Prompt => Write the listing out once more, identical to the original but without pictures.

Data excerpt =>
== Segment start ==

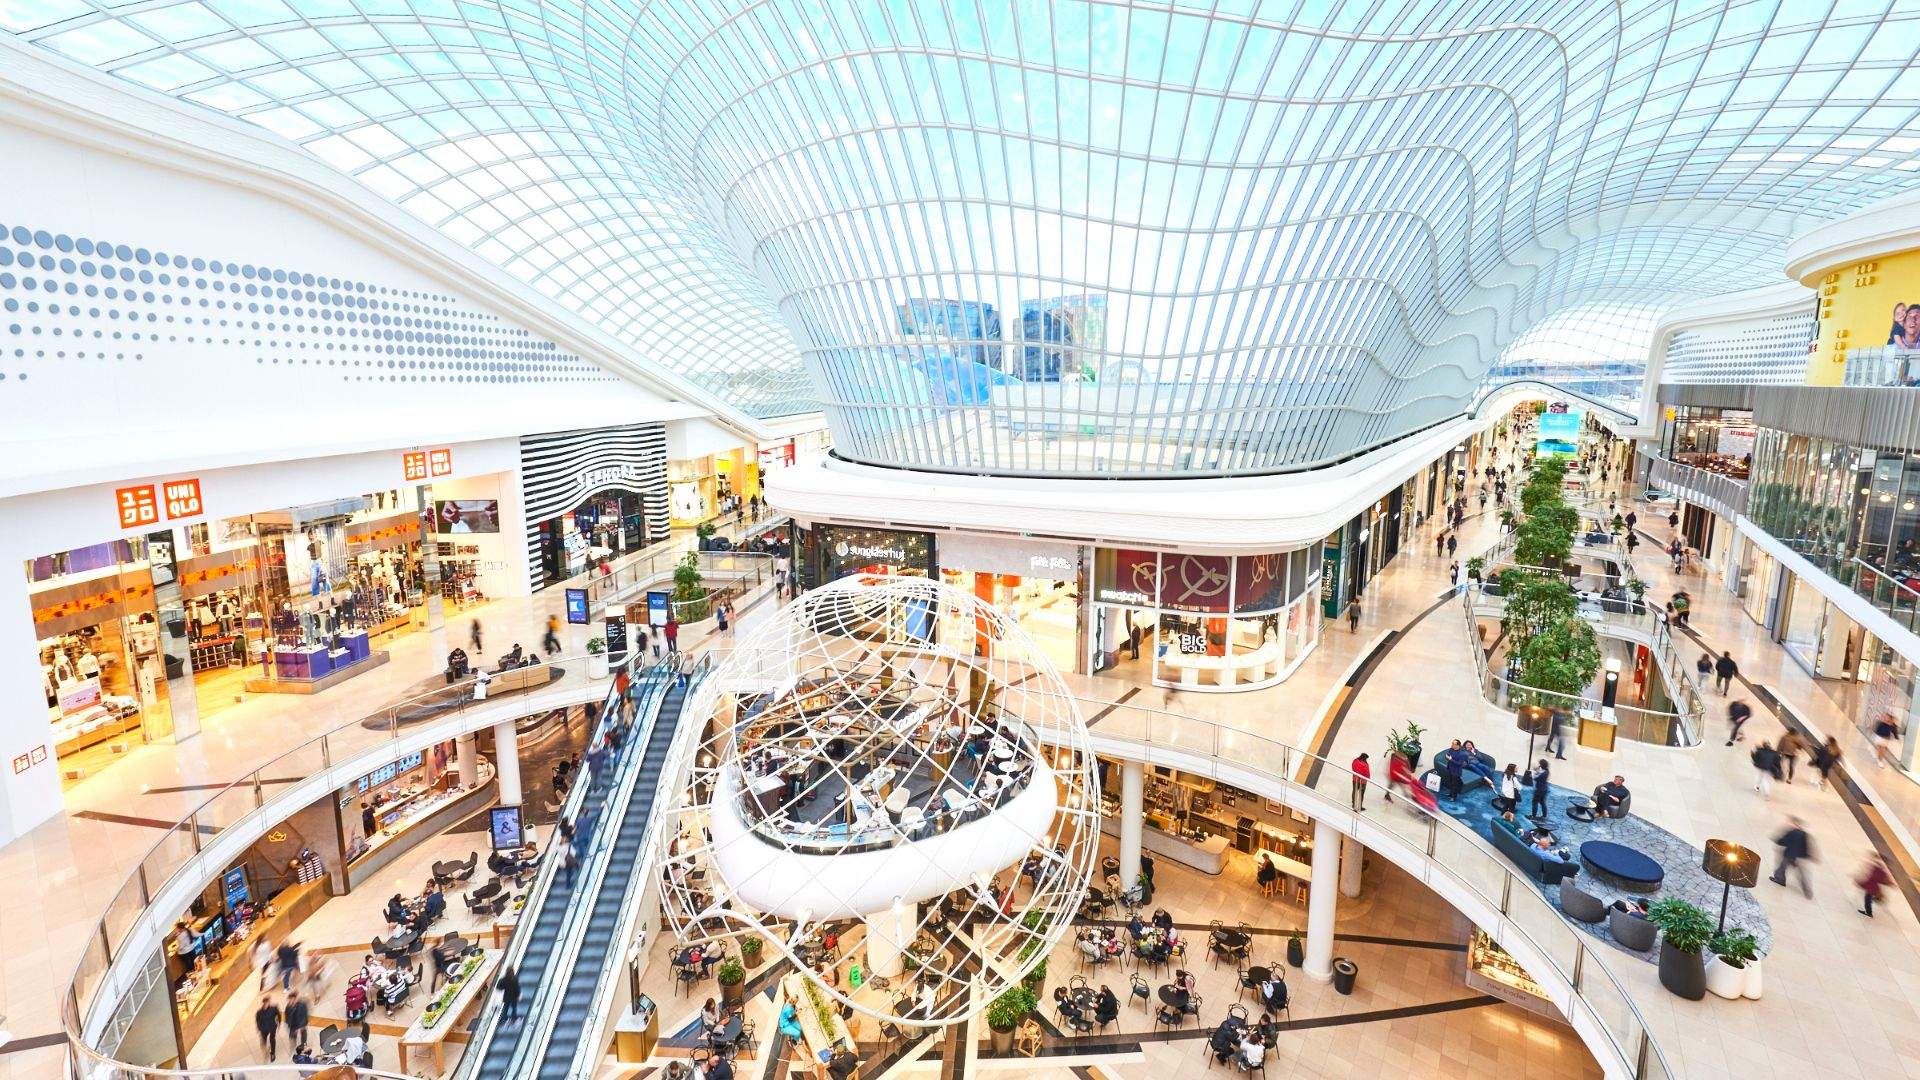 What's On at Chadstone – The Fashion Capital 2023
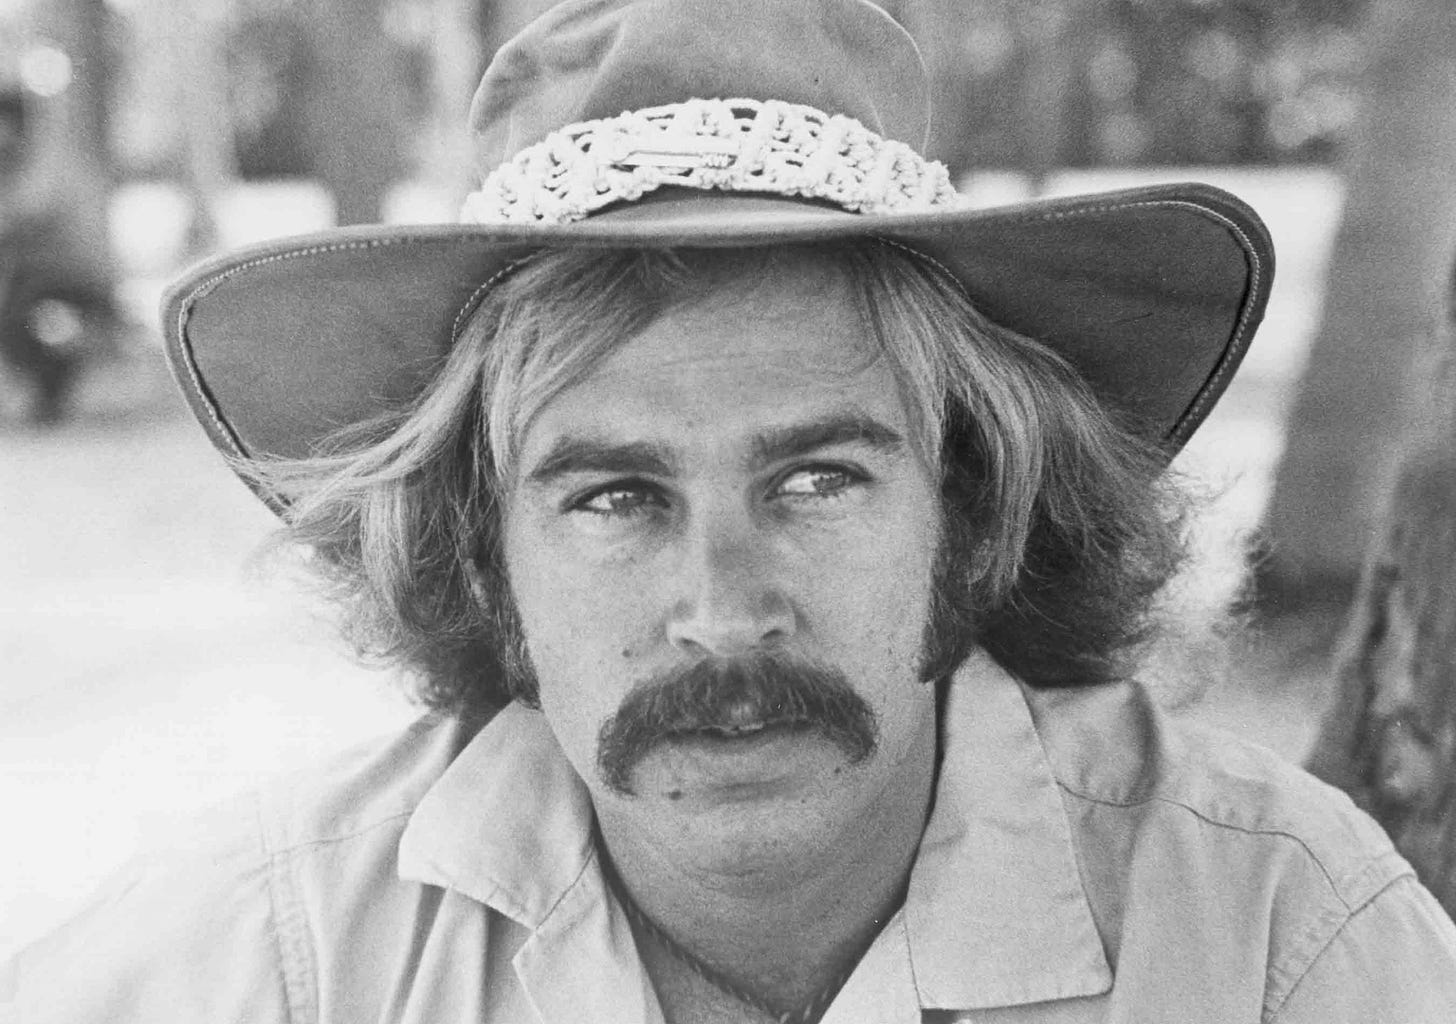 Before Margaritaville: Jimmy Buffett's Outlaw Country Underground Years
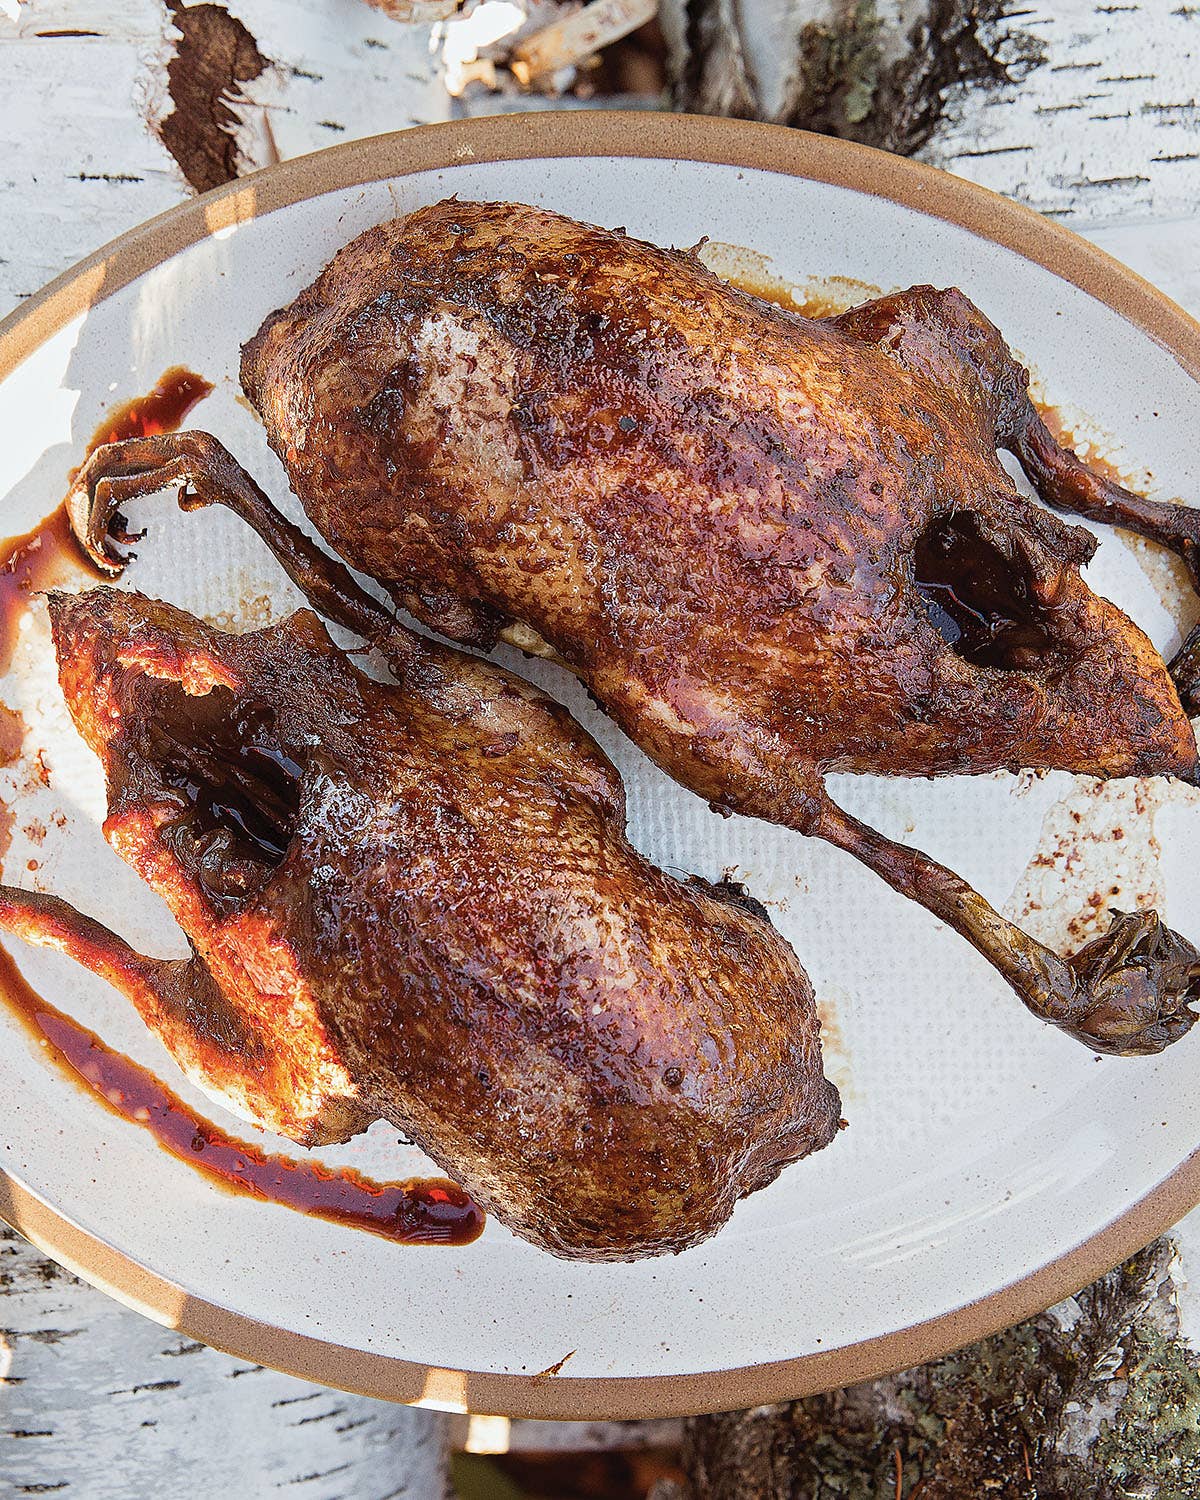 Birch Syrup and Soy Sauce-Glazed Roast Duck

== Segment end ==

Written response =>
 What's On at Chadstone – The Fashion Capital 2023
 Before Margaritaville: Jimmy Buffett's Outlaw Country Underground Years
 Birch Syrup and Soy Sauce-Glazed Roast Duck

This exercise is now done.